September 19th, 2022

BRANDED

‘All rise! Presideth, the Honorable Judge Mackey. Court is now in session!’ The gavel hit hard, wood on wood, so hard it startled everyone in the courtroom. She gulped, an ocean of tears spilling over her lashes. How had they come to this? She lay her arms on the witness table before her then quickly flopped them over. There’d never be a day that she wouldn’t see his name staring back at her. How foolish of her to bank on forever. How foolish of her…and the memory clotted her vision. Seemed like yesterday…

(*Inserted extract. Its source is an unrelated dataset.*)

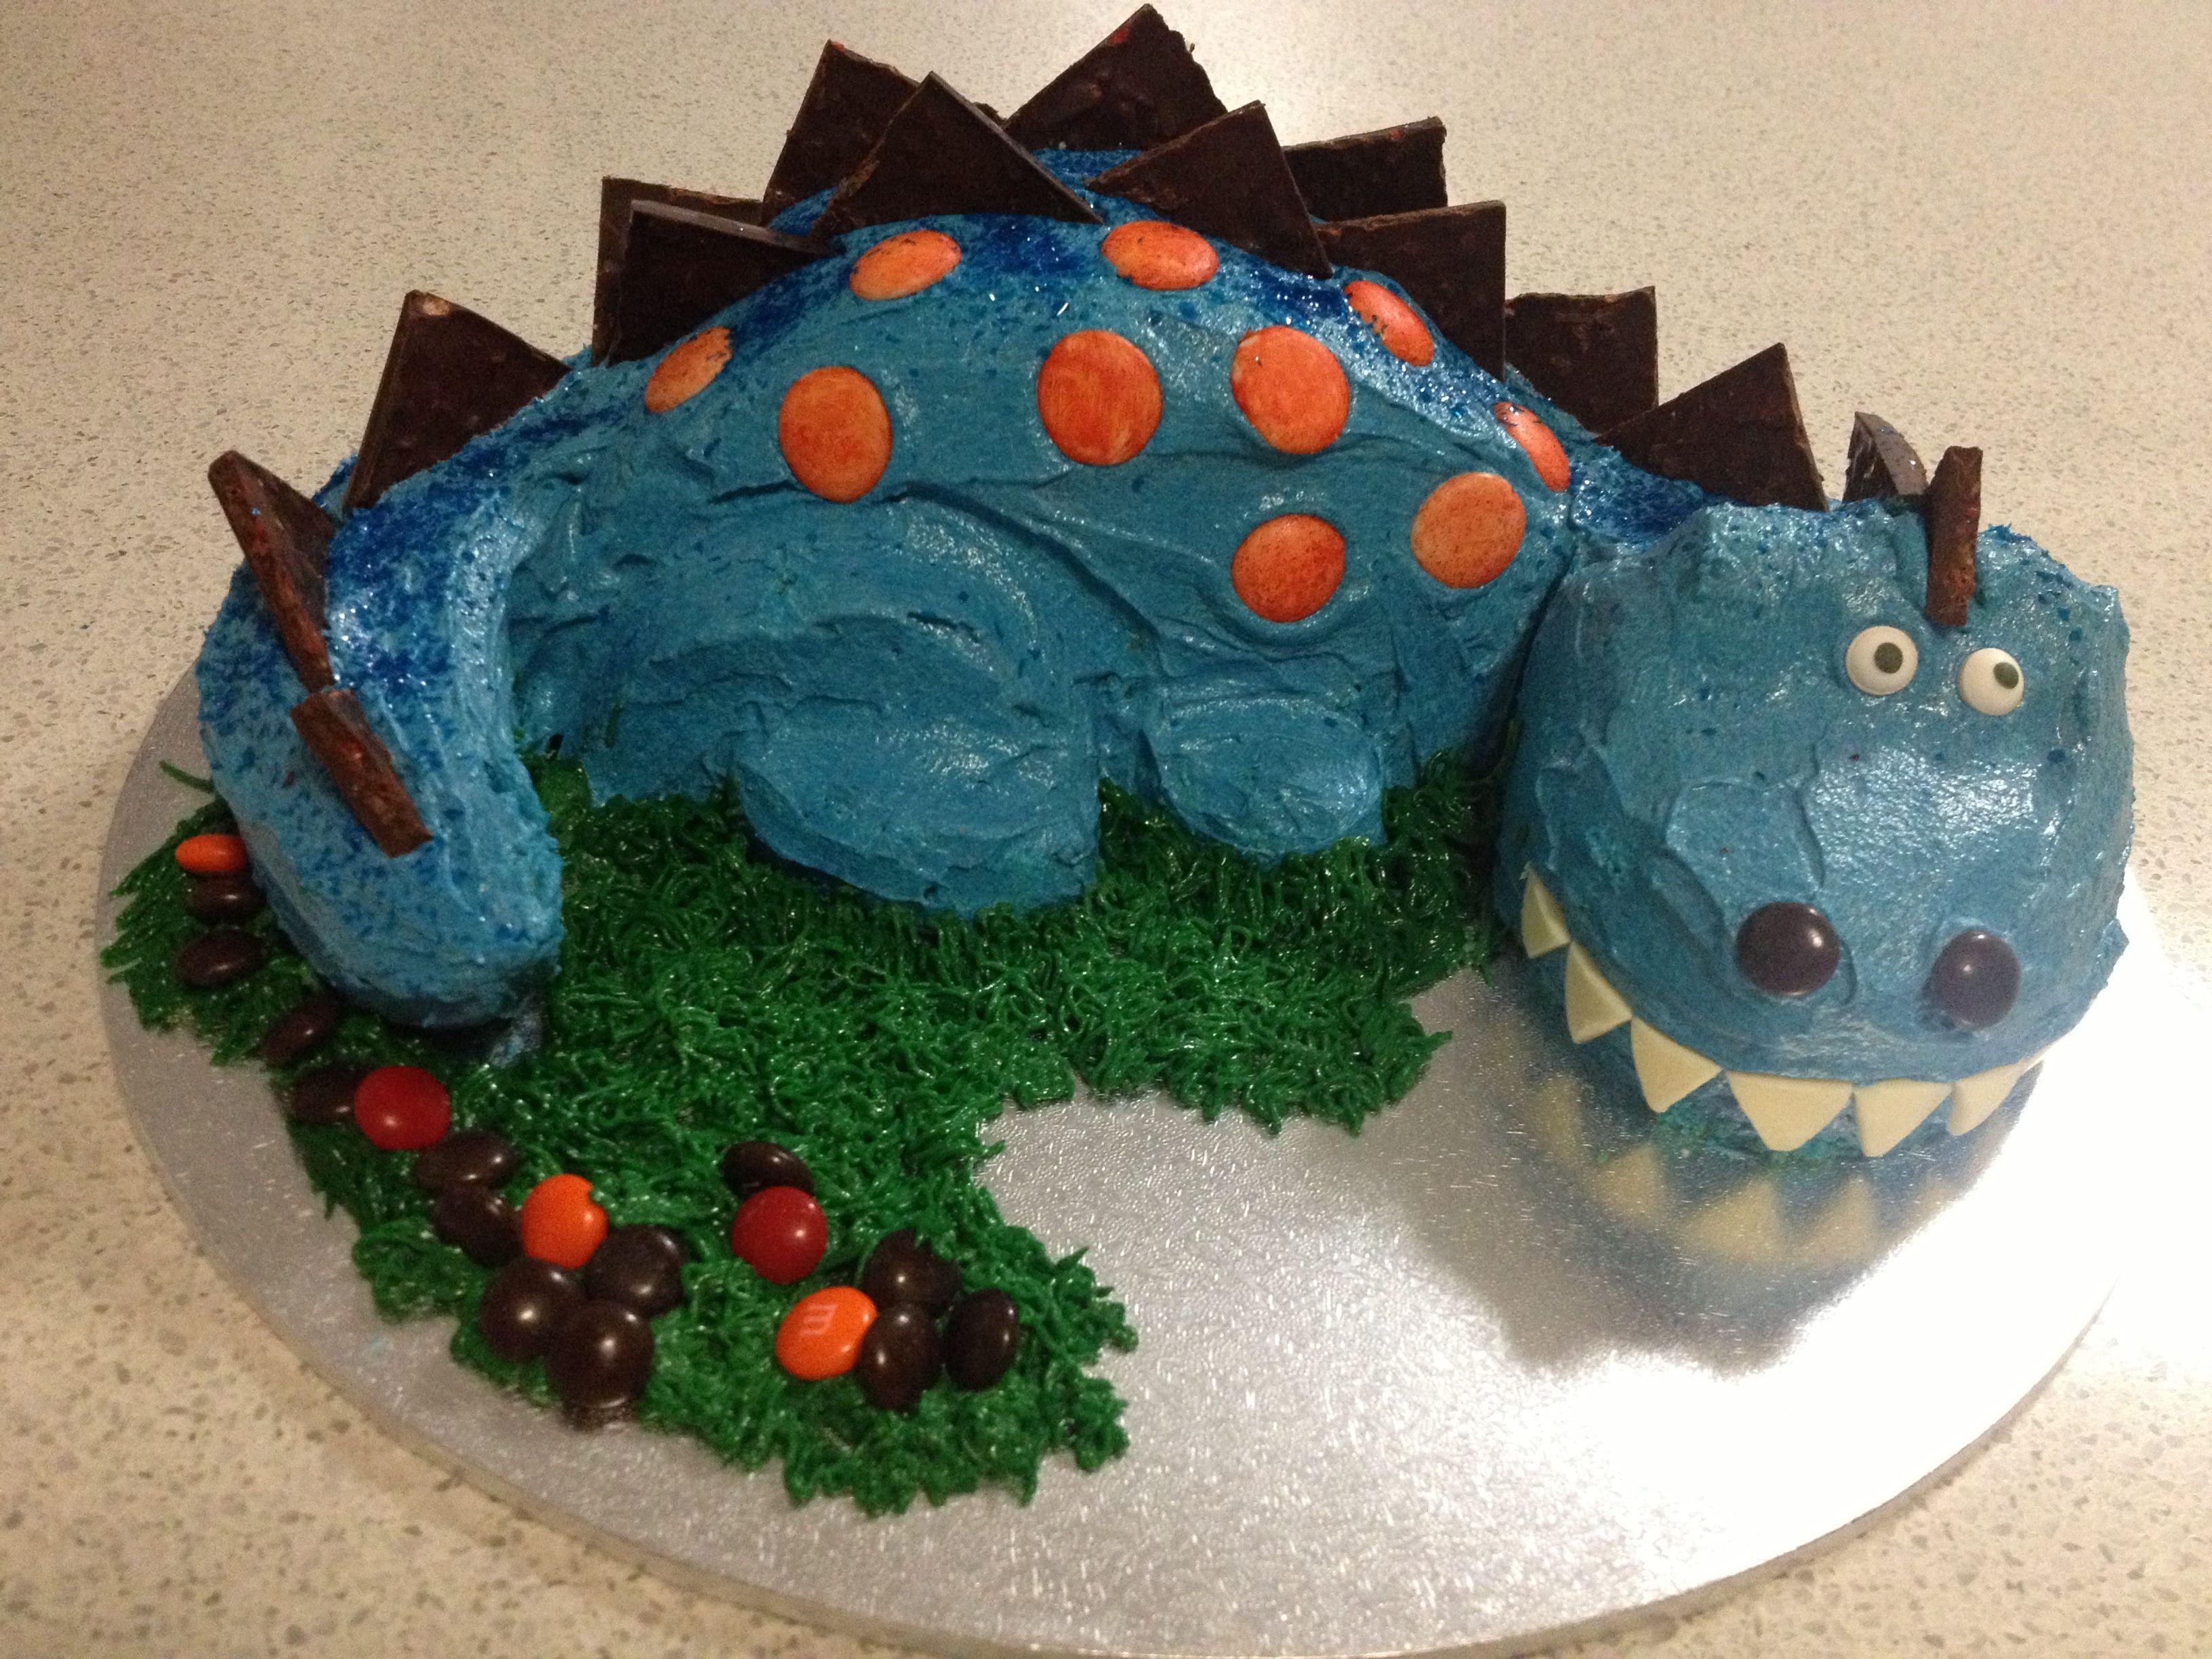 Liam S Third Birthday Cake

She’d sat in the tattoo artist’s chair, teeth clenched and hands fisted at her sides. She had anticipated this moment for many years. Every time she accompanied a friend for their tattoo appointment, she imagined the same butterflies she felt now flying around in her own belly. Years past, she squealed in unison in the seat next to this or that friend, as excited for their tattoo experience as if it were that of her own, vicariously living it through another person, certain she would never sit in the very chair herself that she now occupied.

She has second-guessed her decision, wondering if it is rash, not well-thought through, pondering whether she would receive back her deposit if she chickened out, deciding probably not. After all, that’s what a deposit is all about, not to waste the artist’s time for squeamish chicks and unemboldened wimps. Especially since the artist took his time to design her request that she already accepted despite a few tweaks here and there. The final decision still was being tossed in the air: where to place the tattoo? and for that reason, the artist had stepped away while she consulted her imagination, picturing the simple but elaborate creation on multiple barren pieces of skin, while her stomach churned in her throat. Where would he mind the least? Where would he mind the most?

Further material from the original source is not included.